Another train crash that could have been prevented if only a few million dollars had been spent. This, while money by the hundreds of billions of dollars is spent overseas.

Of the 20 candidates who ran for president this year, only Donald Trump campaigned on this issue. Whoever wins or loses, let's hope correcting this outrage is on the to-do list of the next administration.

Alan Lewis

Fair Lawn, Sept. 30

The race for president

The first presidential debate and the campaign so far has been disappointing and discouraging. My major concern is the lack of a candidate who can unite our nation.

Presidents George W. Bush and Barack Obama campaigned as "uniters." Unfortunately, at the end of their presidencies our nation was and is further divided.

The rhetoric and talking points of the major candidates accentuate our differences. Donald Trump's comments on Mexicans, Muslims, immigrants, women and his opponents are over the top. Hillary Clinton's categorization of half of Trump's supporters as "deplorables" is deplorable in and of itself.

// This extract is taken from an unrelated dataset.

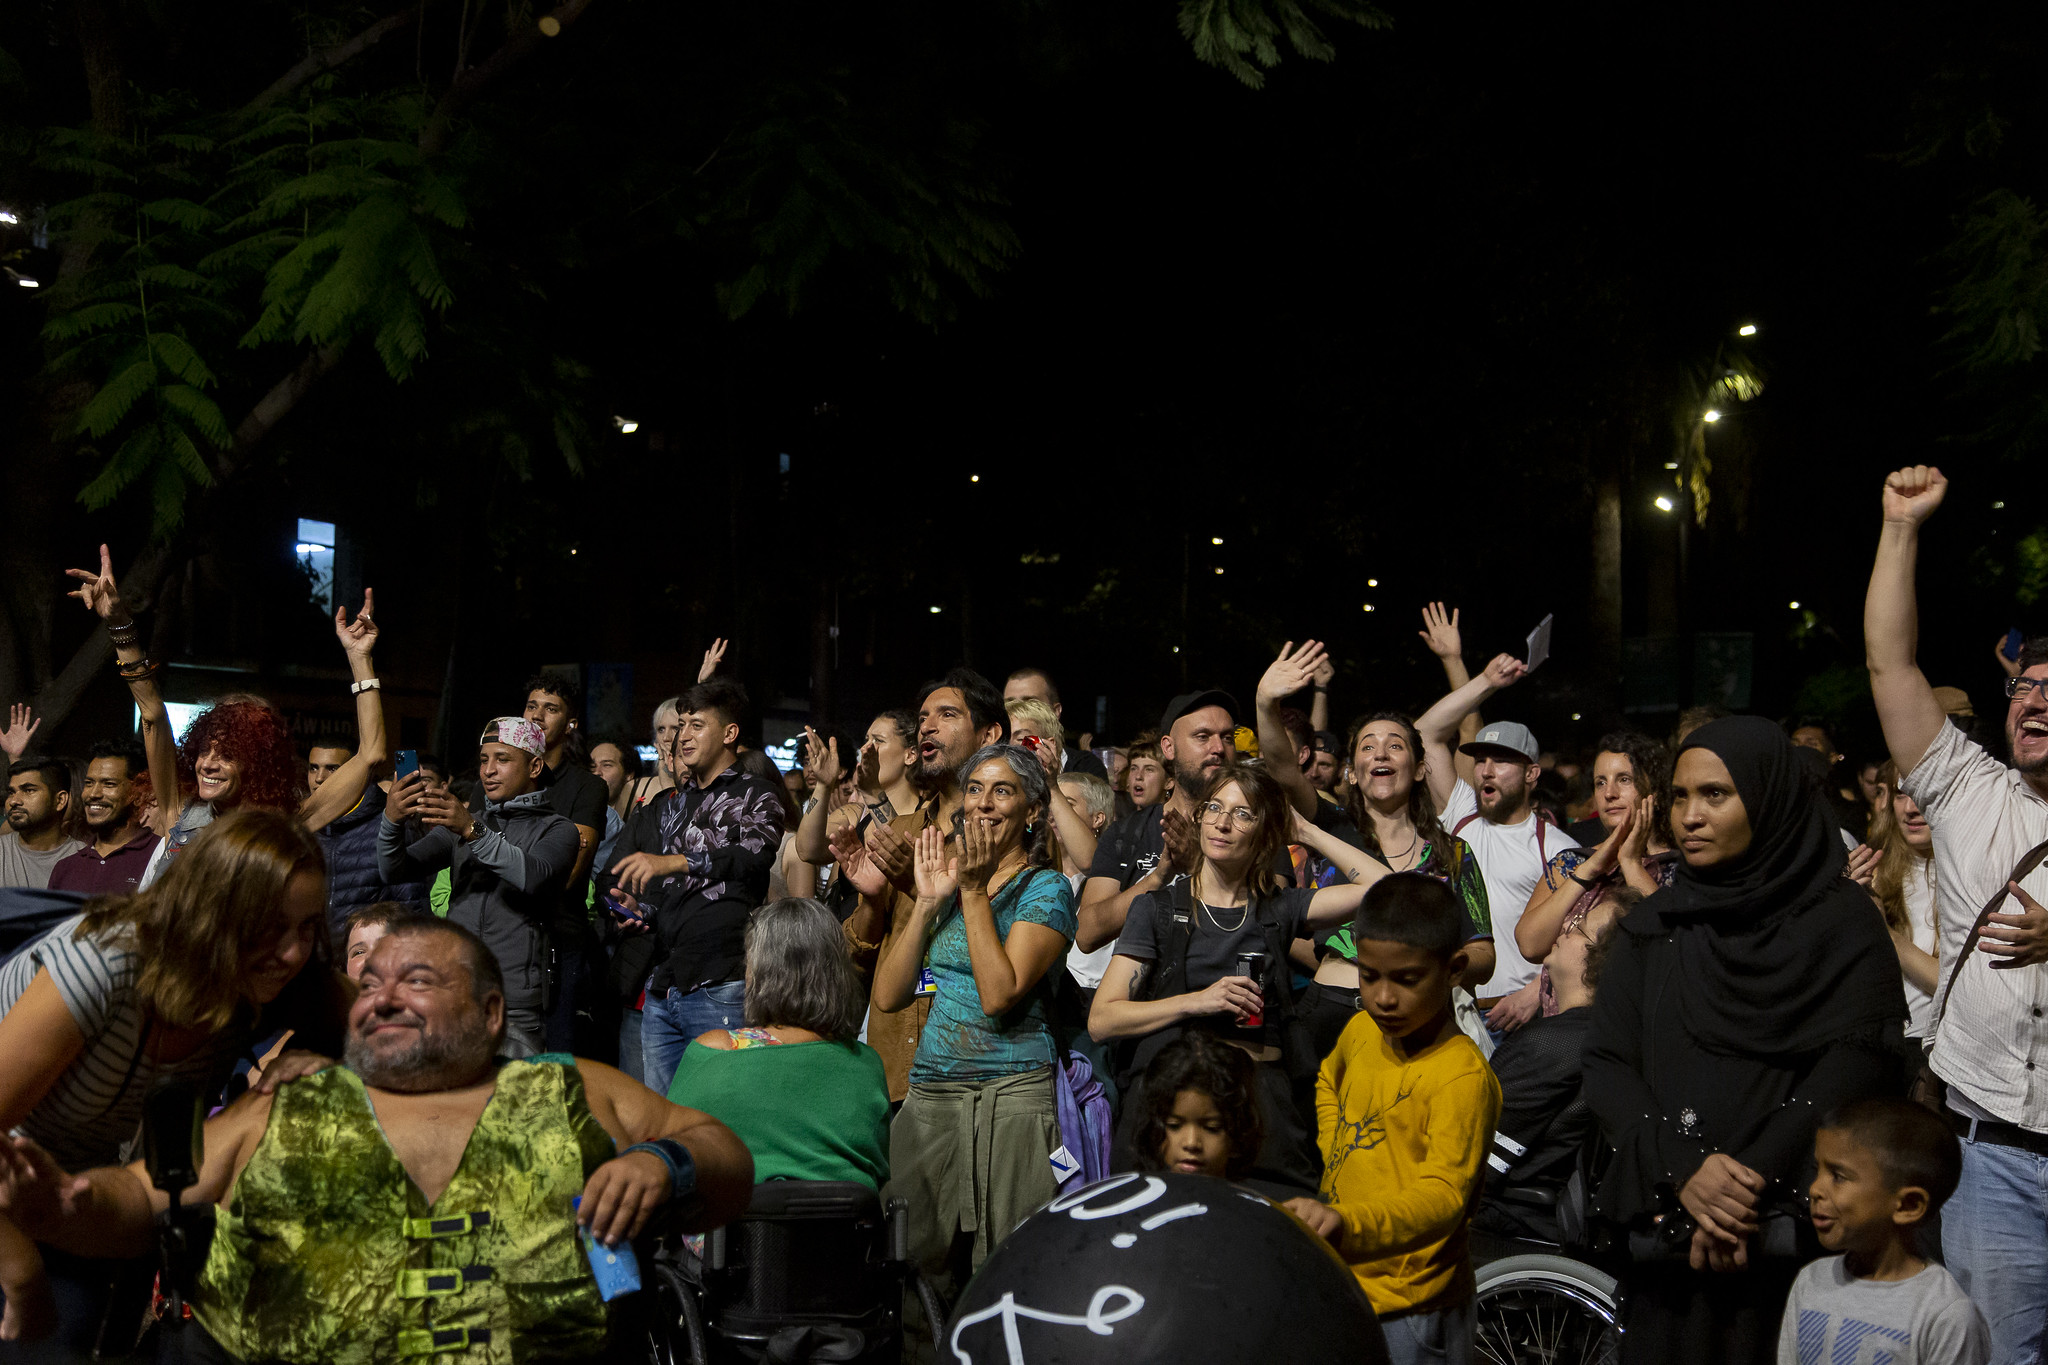 Público que asistió al Diversorium el 23 de septiembre, en Barcelona. © Eva Carasol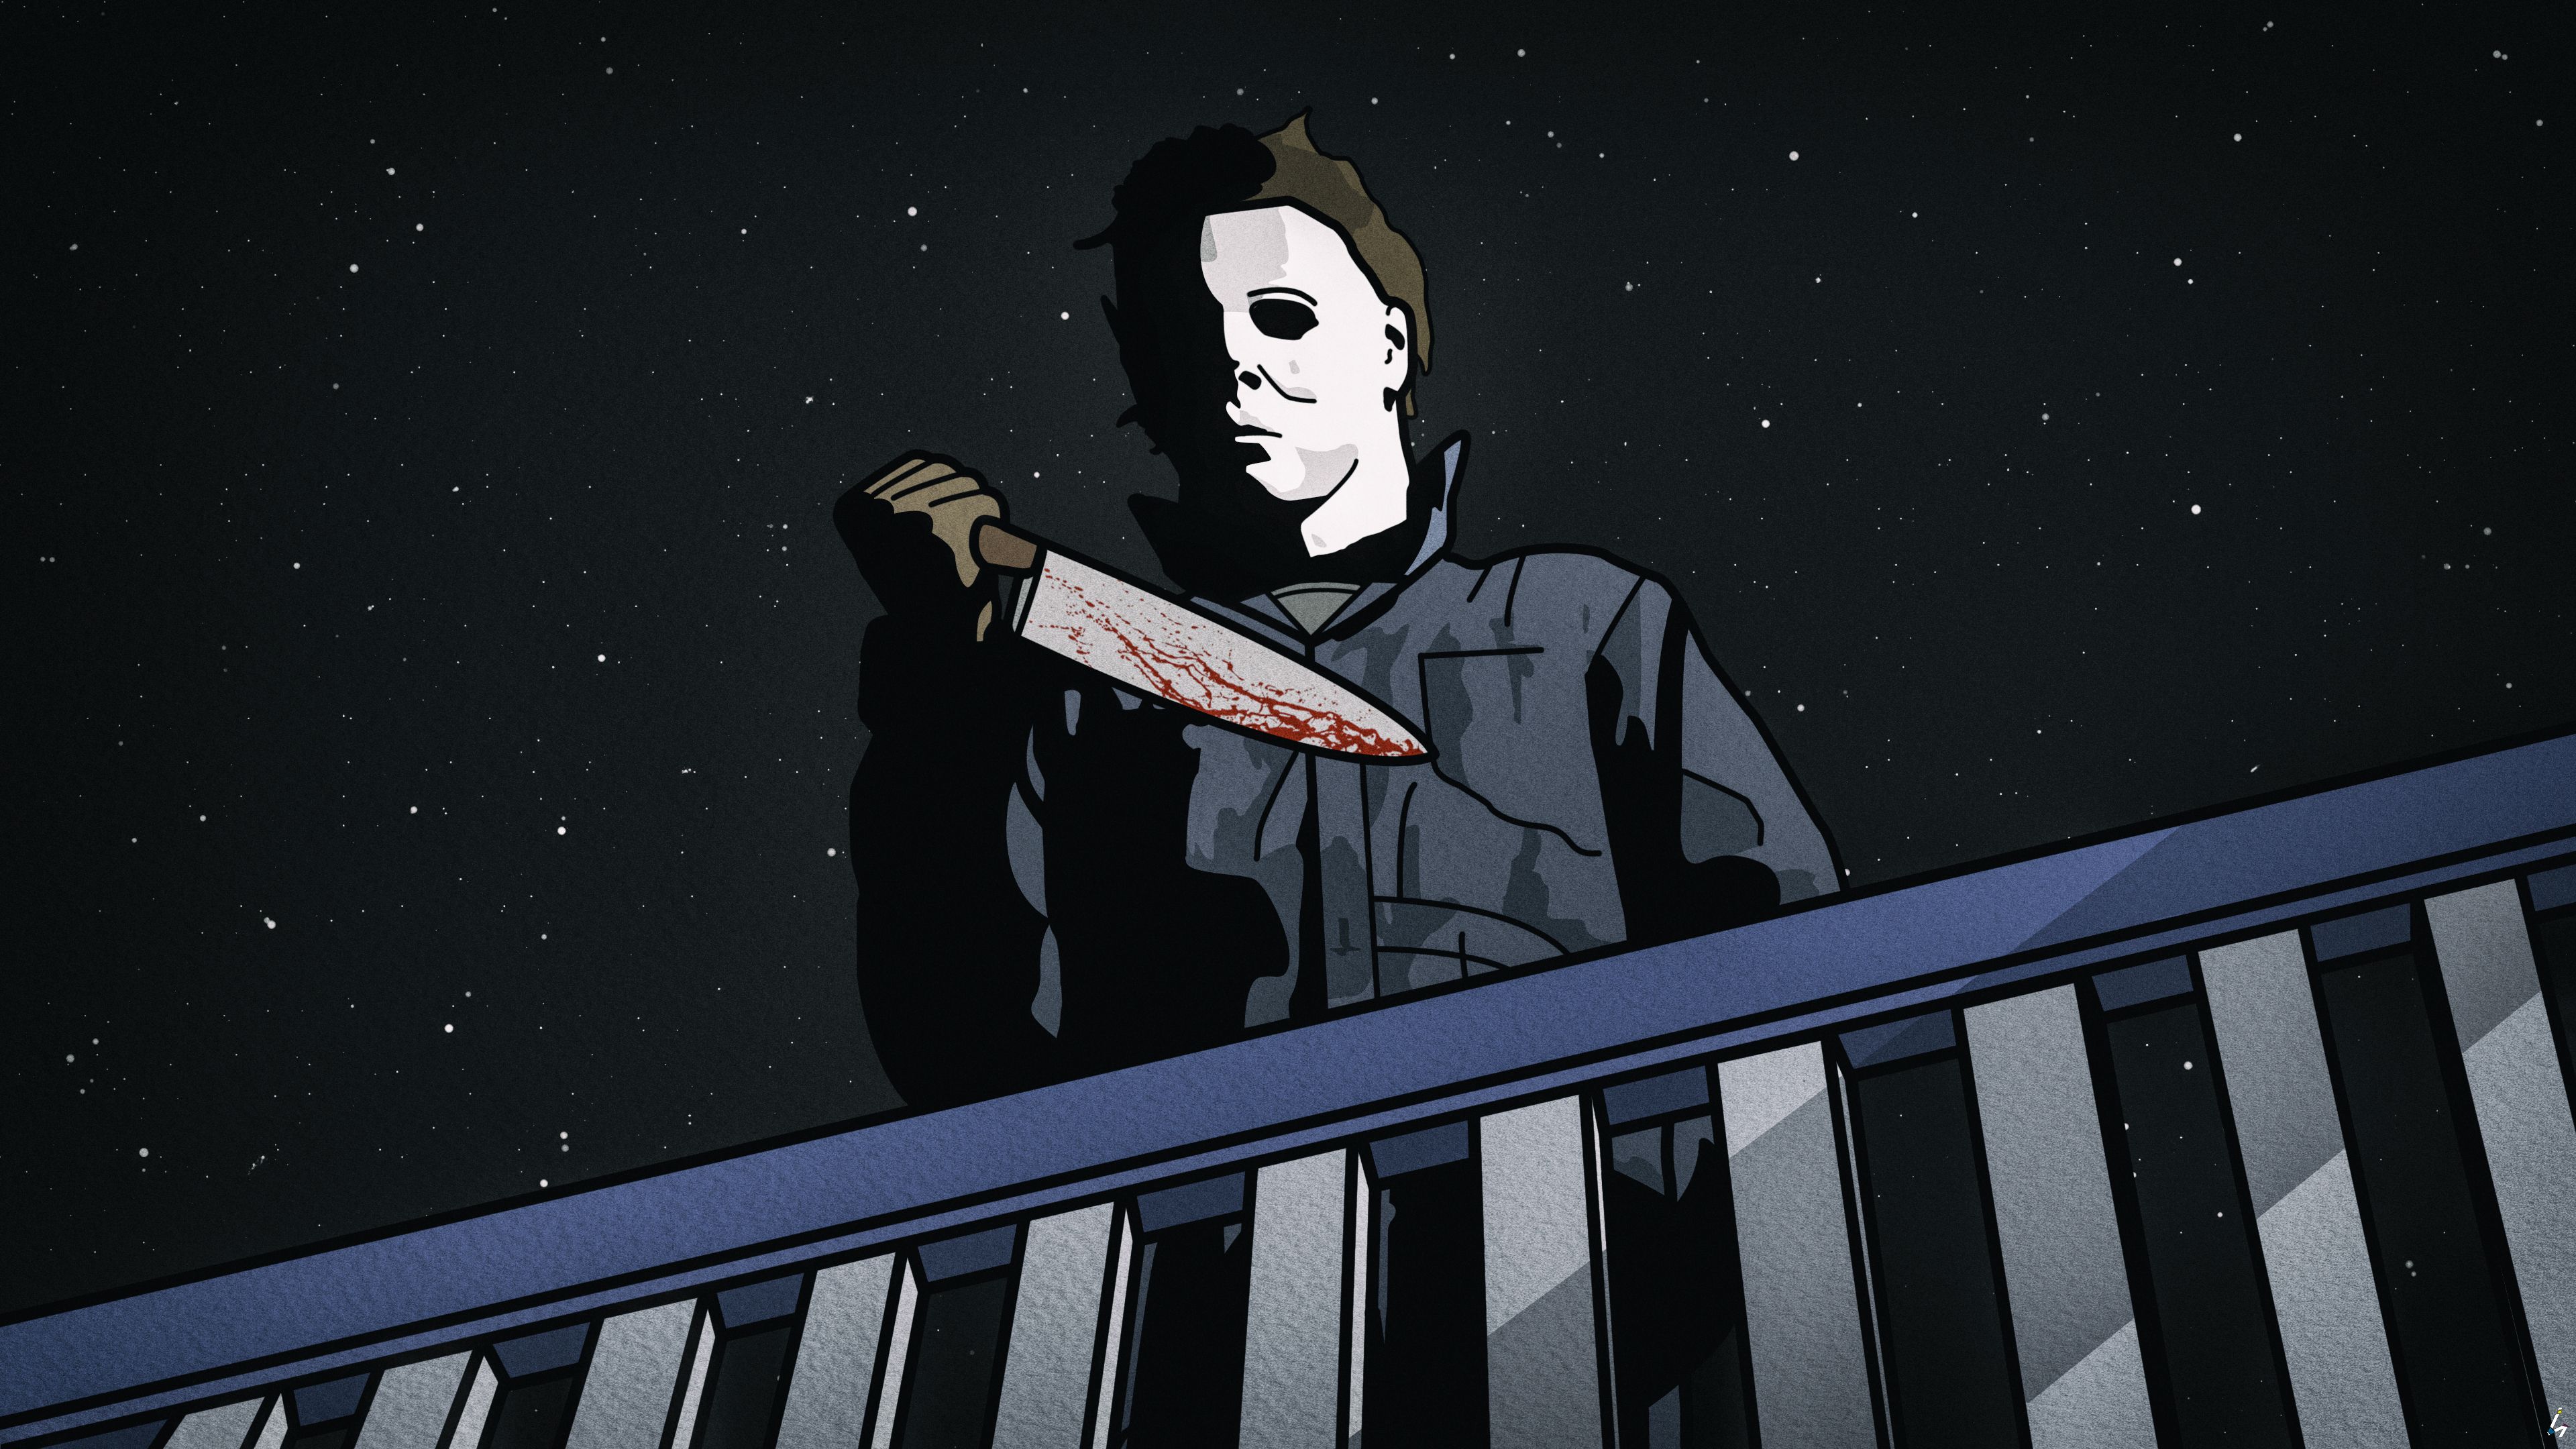 Michael Myers, Halloween, Horror, Fan Art, Digital Art, Blood, Knife, Low Angle, Starred Sky, Night, Railingx2160 Wallpaper

Both candidates use politics to divide us by race, ethnicity, religious beliefs, sexual orientation, age, economic status and education to gain votes. The media is complicit in delivering their message, emphasizing what is most extreme.

The most obvious character trait lacking in the two candidates is humility. Humility allows you to listen to those who disagree with you rather than dismiss them. It also allows you to compromise with those who disagree with you and value the progress that results.

My fear is that whomever is elected, his or her presidency will begin with our nation more greatly divided and our federal government less likely to reach compromises on issues important to all of us.

Our choice is not binary. If enough voters chose another candidate or write in someone more acceptable to them, it will be more difficult for the eventual winner to declare a mandate and might make it more likely and practical for him or her to compromise and or choose a middle course. …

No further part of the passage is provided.